Archive for the ‘Movies’ Category

Obit watch: March 27, 2025.

Thursday, March 27th, 2025

Carole Keeton.

She was the first woman to serve as mayor of Austin, served as state comptroller, and served on the Texas Railroad Commission. The obits right now seem kind of short, but I remember she was a big deal in Austin and Texas politics when I first moved to Austin.

Clive Revill. Other credits include “Babylon 5”, “Pinky and the Brain”, “Let Him Have It” (which I highly recommend), and a spinoff of a minor SF TV show from the 1960s.

Oleg Gordievsky. He was a Commie spy.

Except he actually wasn’t. He was a double agent for British Intelligence.

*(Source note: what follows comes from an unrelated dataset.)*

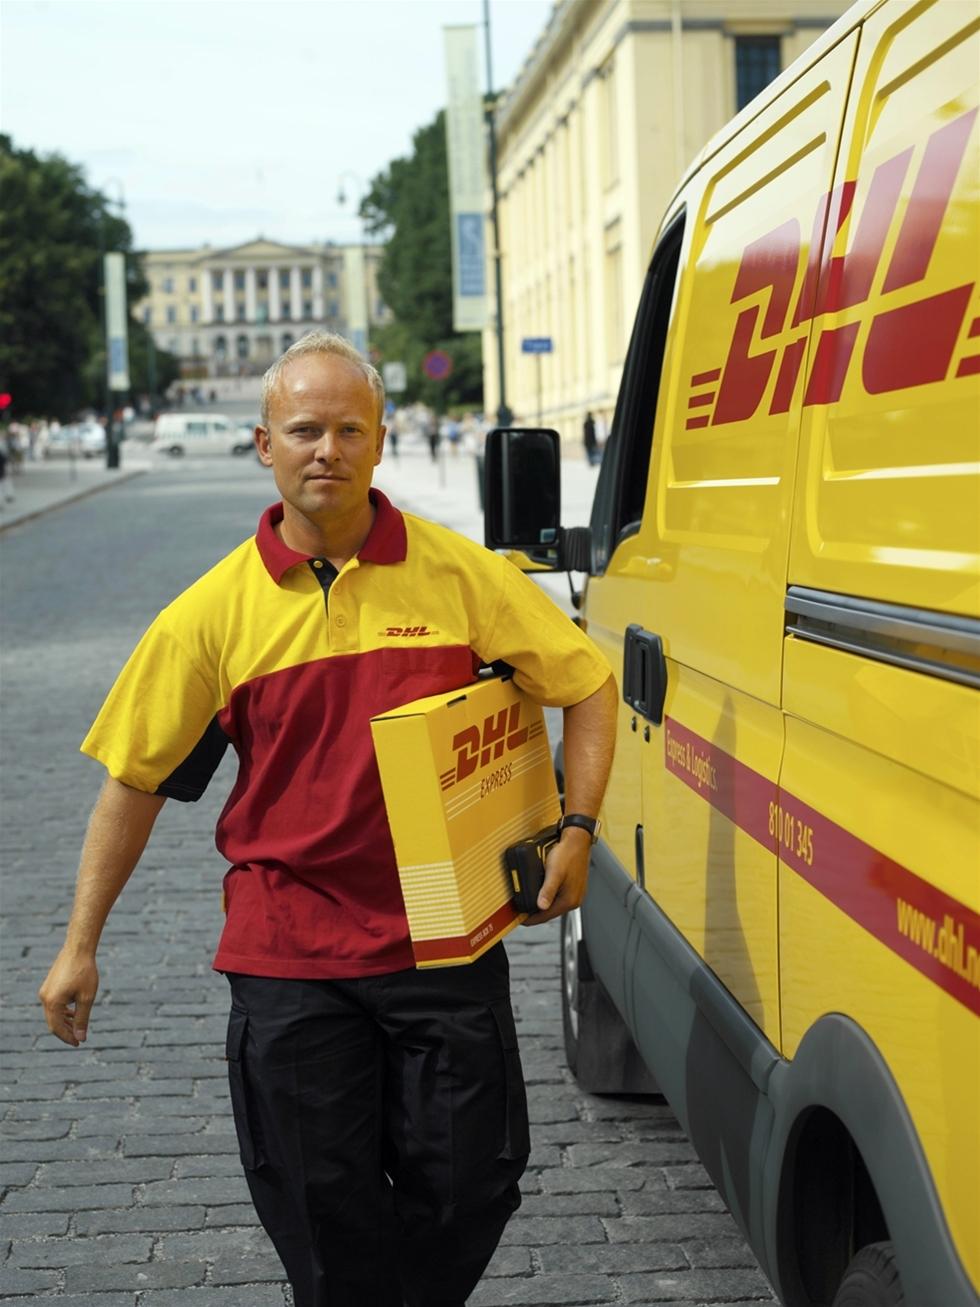 Stor oro råder bland DHL:s underleverantörer, sammanlagt 350 hämtnings-distributörer. – DHL kräver att deras fraktersättning ska minska med fyra procent. Det säger en person med god inblick i ett av dessa företag.

In 1985 he was recalled to Moscow, given drugs and interrogated. Someone, it seemed, had tipped off the K.G.B. to the presence of a high-ranking mole in London.
Lacking solid evidence, the Soviets placed him on leave. A few days later he appeared at 7 p.m. on a Moscow street corner, holding a shopping bag. A man soon passed, eating a candy bar. They locked eyes.
That was the signal to activate Operation Pimlico, an emergency extraction. Mr. Gordievsky shook his K.G.B. tail and then hurried to the Finnish border. Two British agents, a man and a woman, along with their baby, awaited him there in their Ford Sierra.
They placed him in the trunk, wrapped in a foil sheet to confuse heat detectors. When dogs at the border grew suspicious, the agents began to change the child’s diaper, filling the car with odors that threw the canines off Mr. Gordievsky’s scent.
When they were finally across, they played Jean Sibelius’s “Finlandia” symphony on the car’s sound system, a signal to Mr. Gordievsky that he was safe.
Back in Moscow, he was sentenced to death in absentia. That sentence has never been rescinded.

L.J. Smith, author. I probably would not have noted this, but she had an interesting career.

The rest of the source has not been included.